Aus dem Inneren des Hauses ist Bracken vor allem ein großes Esszimmer in Erinnerung geblieben, das von einem auf Hochglanz polierten Esstisch dominiert wurde, der gut und gerne Platz für zwölf Personen bot. Von dort aus führte Bruce sie in ein kleines Wohnzimmer, in dem eine alte Dame, die atemberaubend schnell Italienisch sprach, in einem knarzenden Schaukelstuhl kauerte. Bruce stellte sie Pam als seine Großmutter Adelina, Anthonys erste Frau, vor.2 Als sie ihren Enkel erblickte, winkte sie ihn zu sich und nahm sein Gesicht in ihre Hände. »Sie kniff Bruce wiederholt in die Wangen und sagte ständig: ›Süß-ah! Süß-ah!‹«, erinnert sich Bracken.

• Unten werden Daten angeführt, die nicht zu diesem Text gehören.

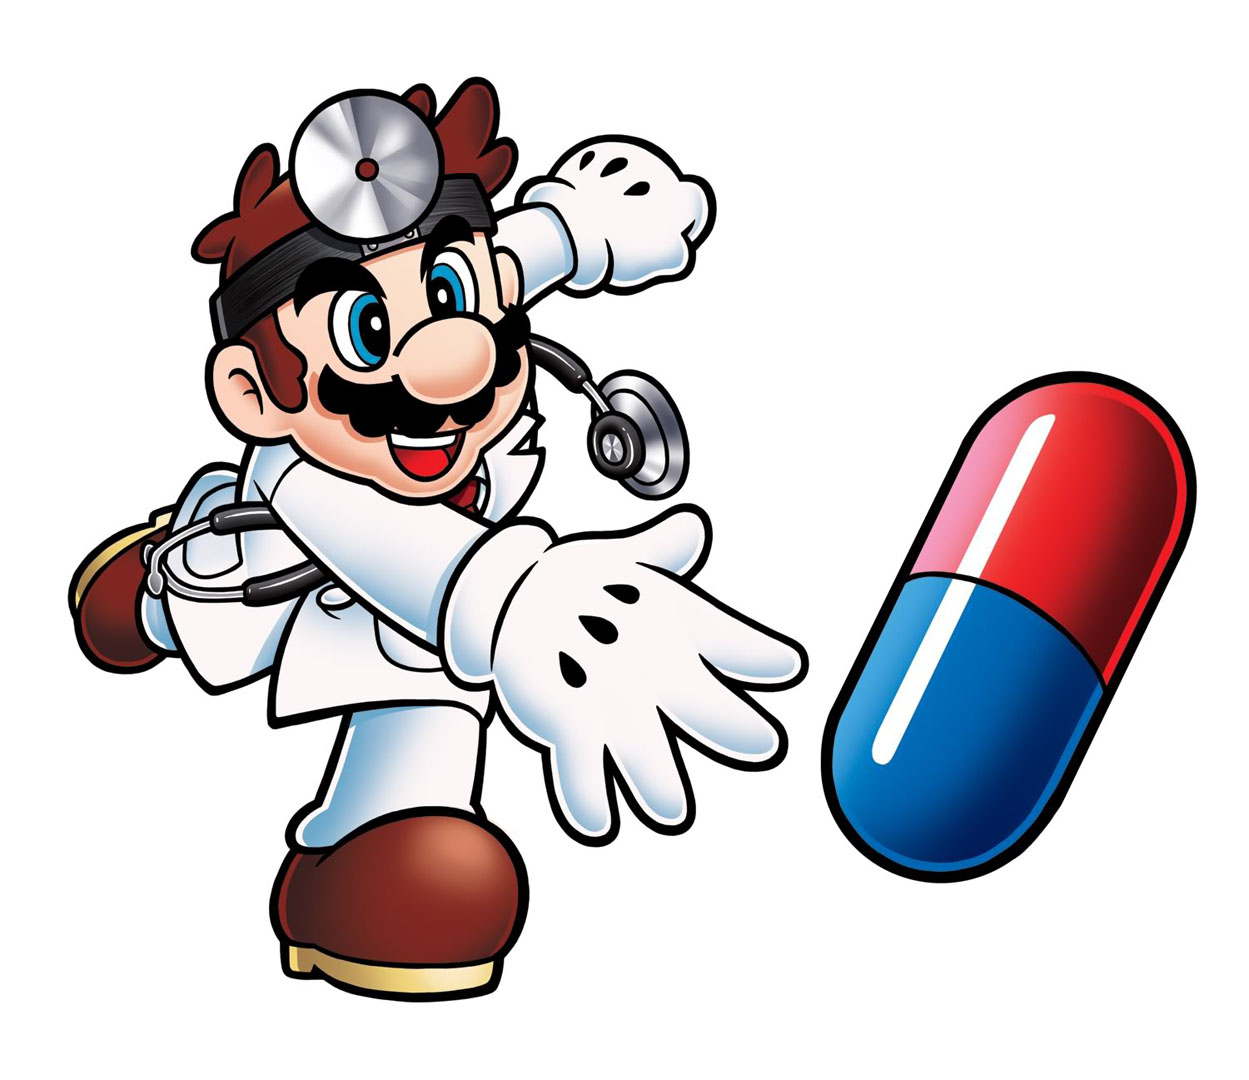 Dr Mario Nintendo Games Wallpaper Image Featuring

Nachdem Anthony seinen Enkel begrüßt hatte, führte er ihn und seine Freundin in einen Schuppen, wo er die Schätze aufbewahrte, die er im Laufe seines Arbeitslebens gesammelt hatte. Er öffnete eine Schublade, kramte ein wenig darin herum und präsentierte Bruce dann einen schäbigen Andenkenlöffel, den er von irgendeinem europäischen Würdenträger bekommen hatte. »Ich fand das total beknackt«, sagt Bracken. Bruce lächelte, bedankte sich bei seinem Großvater und ging ohne ein weiteres Wort davon.

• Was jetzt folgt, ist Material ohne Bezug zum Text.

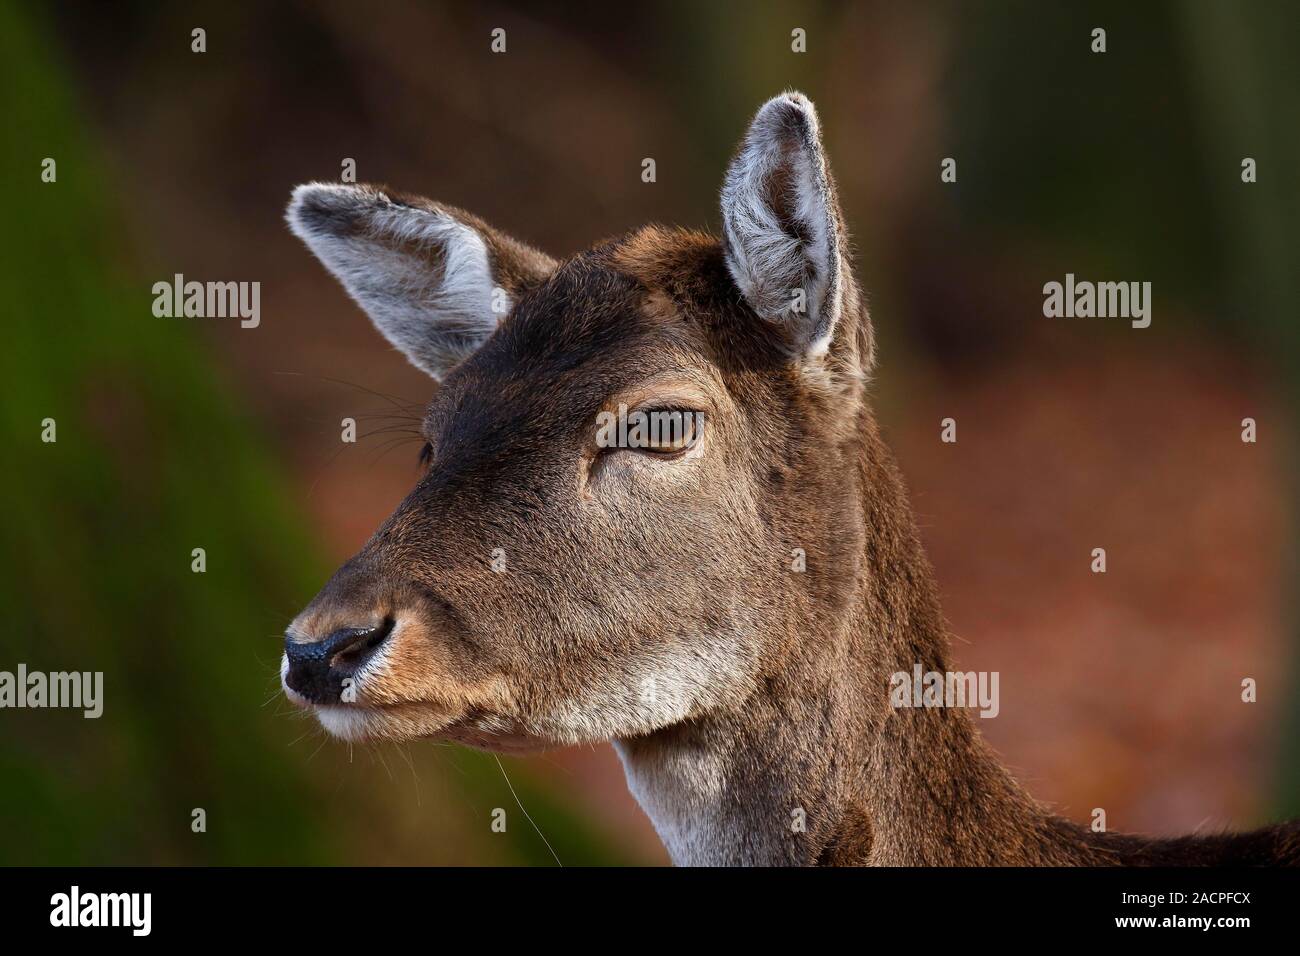 Fallow deer (Dama dama), female, animal portrait, Germany Stock Photo

Im Winter 1971 scharte Bruce in Asbury Park einen Kreis von Musikern um sich, die er bei den Jamsessions im Upstage kennengelernt hatte. Die meisten Bandkollegen von Steel Mill, insbesondere Van Zandt, blieben in Kontakt mit ihm. Zu Bruce’ engerem Kreis gehörten inzwischen aber auch Big Bad Bobby Williams, der Folkrocker Albee Tellone, der Bluessänger, Bassist und Mundharmonikaspieler John Lyon, der irische Blueser Big Danny Gallagher, der Upstage-Türsteher Black Tiny (der seinem Kollegen Jim Fainer zufolge eine Statur hatte »wie ein Pepsi-Automat mit Armen und Beinen«), die Geschwister John und Eddie Luraschi, das wandelnde Rock’n’Roll-Lexikon Garry Tallent und David Sancious, der eine klassische Musikausbildung genossen hatte. Sie alle hatten sich schon in irgendeiner Weise einen Namen gemacht. Als Musiker in einem Badeort, wo es während der kalten Jahreszeit nicht viel zu tun gab, hatte allerdings kaum einer von ihnen auch zwanzig Dollar in der Tasche. »Wir konnten in keine Bar gehen, wir konnten uns kaum ein Sixpack leisten, von Drogen ganz zu schweigen«, sagt Tellone, dessen Wohnung an der Sewall Avenue (die er sich mit Van Zandt und Lyon teilte) damals ein Treffpunkt für die jungen, etwas gammelig wirkenden Langhaarigen war, vor allem, wenn hier die wöchentlichen Monopolyabende stattfanden. Bei der von ihnen als »Cutthroat-Monopoly« bezeichneten Spielvariante wurde nicht nur mit harten Bandagen gekämpft; die Spieler hatten auch derart absurde Regeln aufgestellt, die völlig überraschende Wendungen ermöglichten, dass sich das Spiel zu einer regelrechten Groteske über Kapitalismus, Autoritäten und willkürliche Gewalt entwickelt hatte. Mit handgeschriebenen Ergänzungen zu den Gemeinschafts- und Ereigniskarten bauten sie aktuelle Ereignisse aus den Schlagzeilen der Asbury Park Press in das Spielgeschehen ein. Zog jemand beispielsweise die Rassenunruhen-Karte, so gingen all seine kleinen grünen Häuschen und stattlichen roten Hotels in Flammen auf. Schlecht war auch derjenige dran, der im Zuge einer Razzia verhaftet wurde und Tausende von Dollar für Bußgeld und Anwaltskosten aufbringen musste. Glücklich schätzen konnte sich wiederum der Spieler, der die Middletown-Polizeichef-McCarthy-Karte gezogen hatte, die ihm die Macht verlieh, jederzeit einen beliebigen Spieler zu verhaften und ins Gefängnis zu stecken.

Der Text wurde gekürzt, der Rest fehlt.